As opções econômicas são diversas, mas me concentro em imaginar a eficácia da aplicação de penas singelas e, ao mesmo tempo, de alto caráter regenerativo. Dificilmente boa parte de homens e mulheres presos às árvores voltaria com ganas ao convívio da comunidade sem antes passar uns dias em casa, refletindo sobre deslizes e comentários que os seguiriam em qualquer lugar. Se entrassem no super-mercado, alguém rapidamente os reconheceria. Se parassem na fila da farmácia, do posto de combustíveis ou do açougue, o silêncio geral e os olhares inquietos denunciariam o contraventor.


A situação mais cômica ficaria a cargo das crianças que, na escola, nas associações ou nas ruas, alardeariam a presença – transitória ou permanente – do sujeito ou da madame: - A senhora não é aquela que estava amarrada durante o fim de semana no pinheiro do cruzamento da rua 13 de maio com a Coronel Albino? A mulher ruborizaria ou, tomando os ares modernos em que nos encontramos, confirmaria com grande estardalhaço a falta cometida e sairia aplaudida pelos meninos, estupefatos em constatarem alguém tão regenerada e reintegrada ao convívio social.

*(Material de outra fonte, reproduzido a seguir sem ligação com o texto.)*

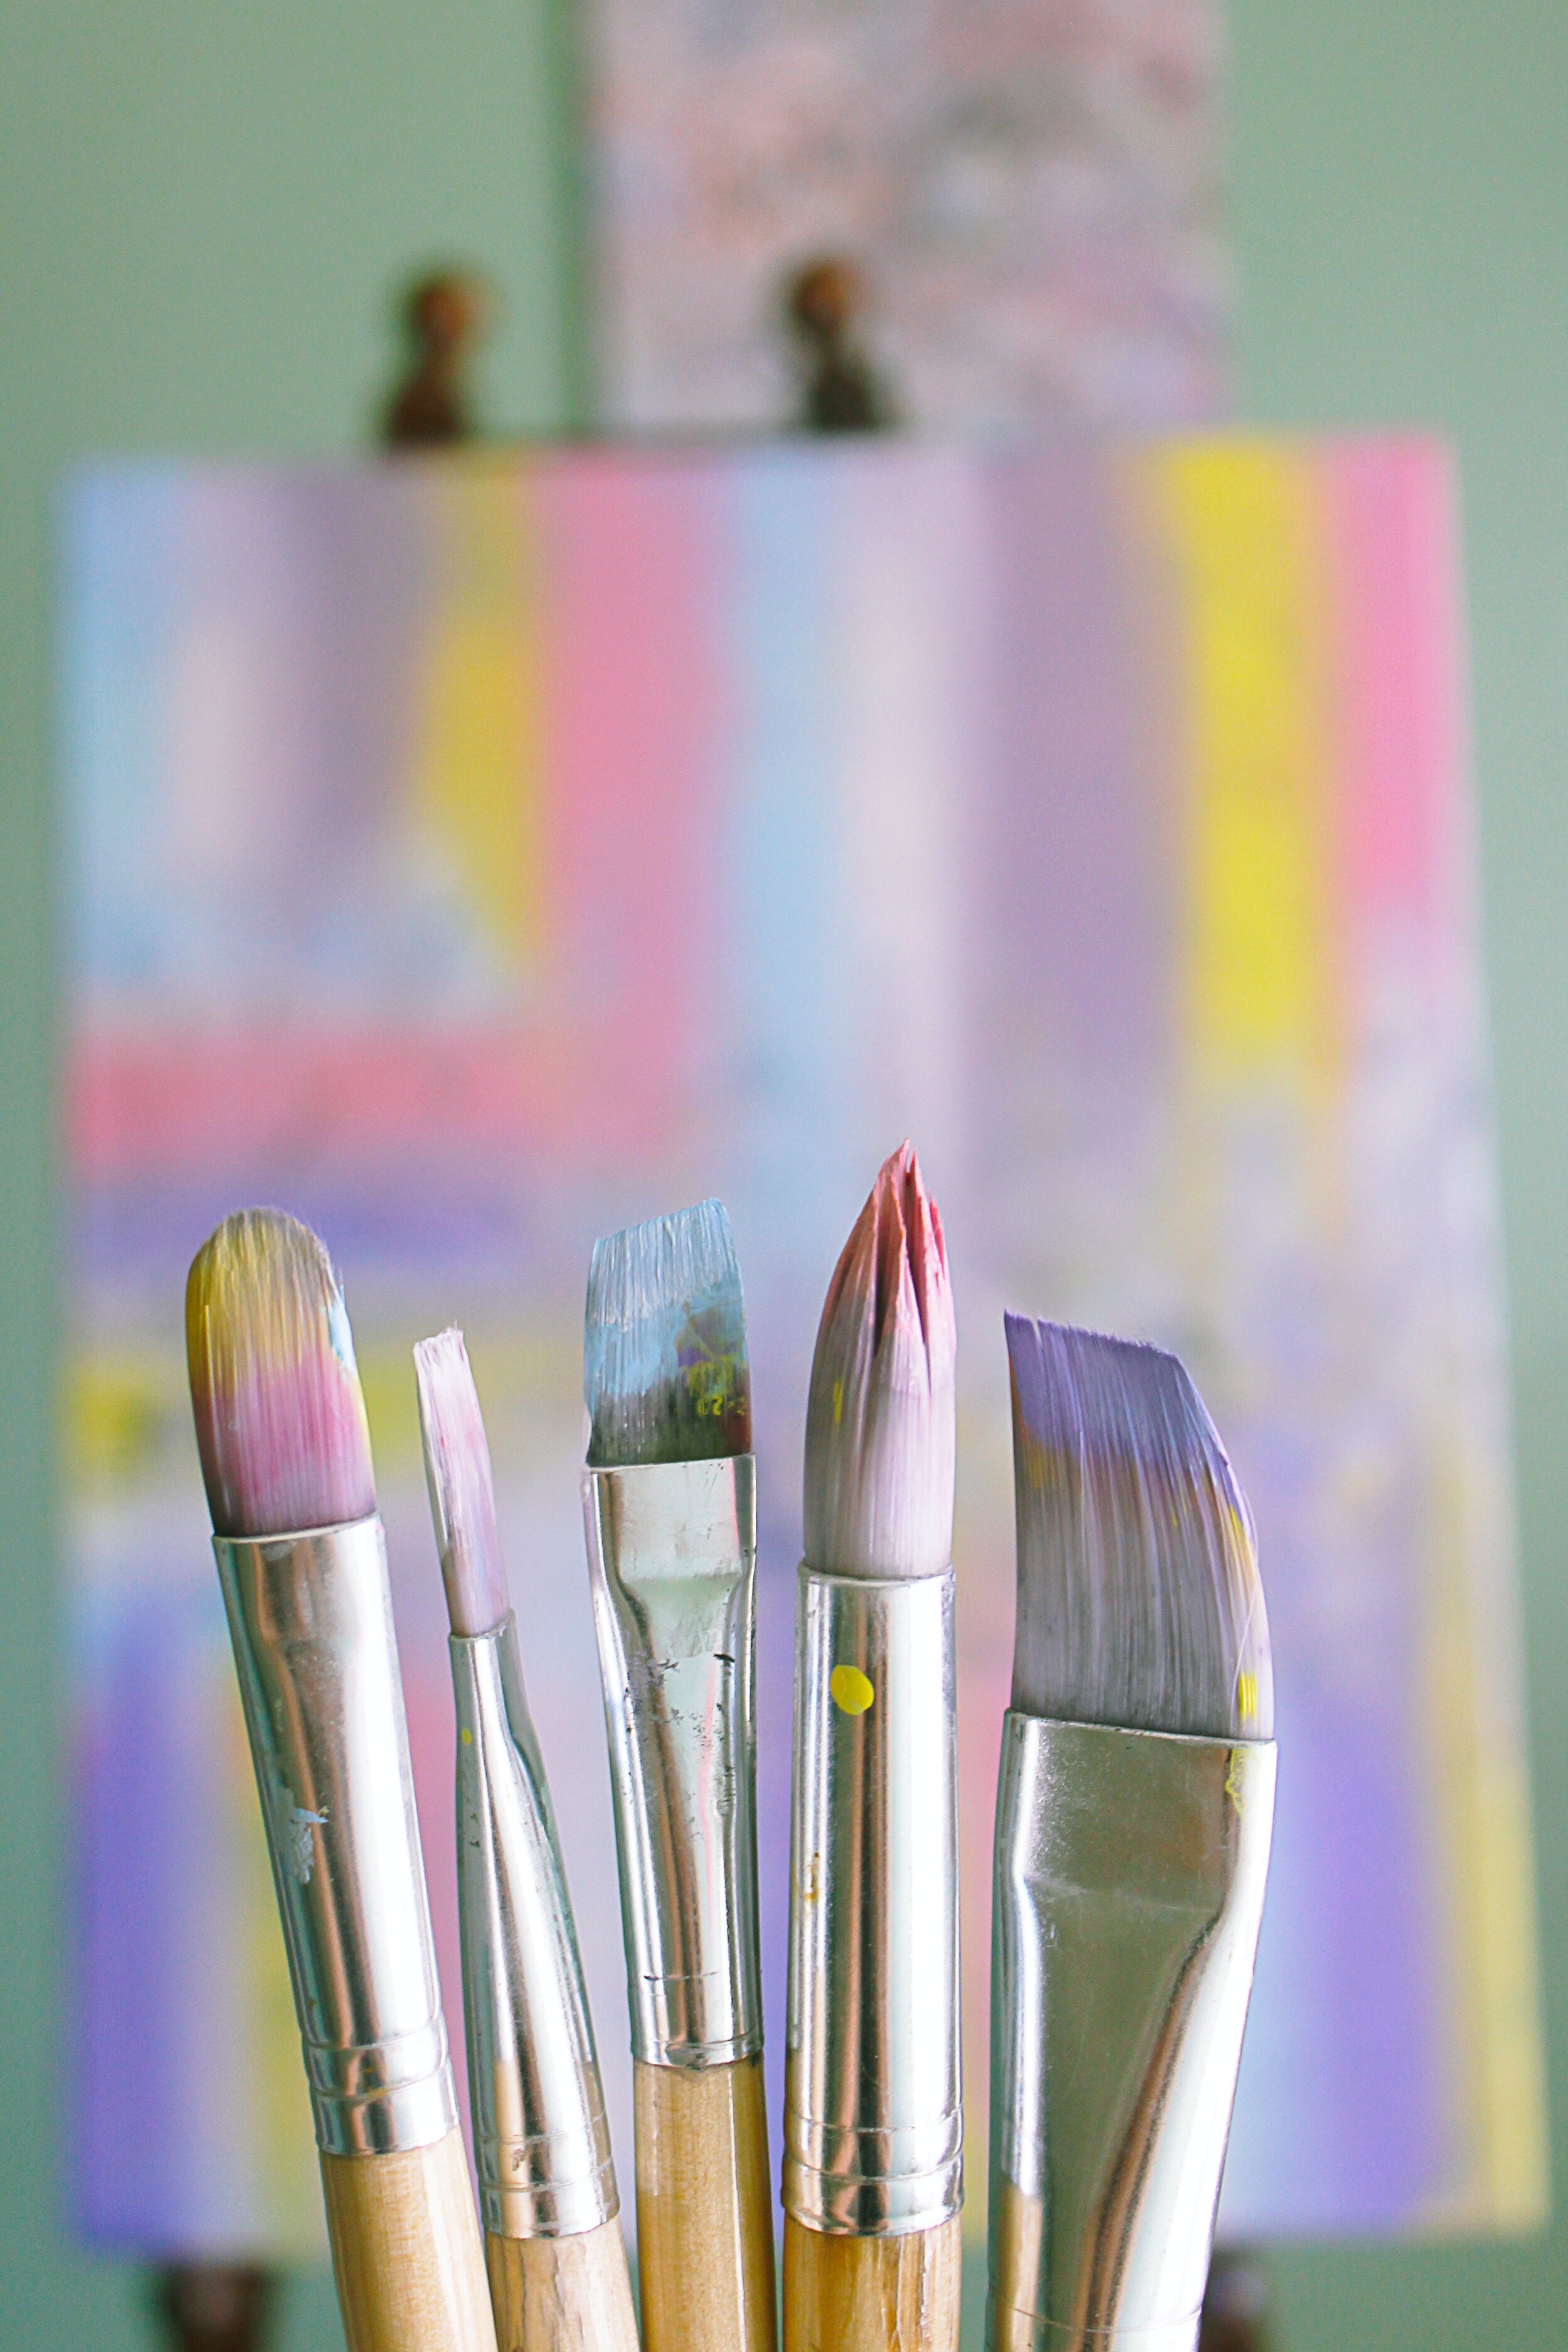 She Must Make Art : Watercolor Paint on Fabric: 10 Tips To Share

Claro que, além do lado jurídico e econômico, os âmbitos educacional e ambiental ganhariam destaque à medida que os casos descobertos demandassem aplicação maior das penas e, em pouco tempo, os canteiros das ruas, das avenidas e das praças resplandeceriam de ipês coloridos, de roseiras, de flamboyants. Goiabeiras, macieiras, jabuticabeiras, pés de acerola, de seriguela e carambolas também comporiam a lista, facilitando a vida de quem, mãos amarradas, comeria as frutas naturalmente nascidas enquanto esperasse o fim da pena.


O único ponto preocupante é que, como ressaltou um amigo teólogo, do jeito que as coisas andam, é bem possível que, em pouco tempo, não encontremos mais terras para plantar tantas árvores.


*Publicado originalmente na coluna Ficções, Caderno Tem!, do Oeste Notícias (Presidente Prudente – SP) de 1 de junho de 2012.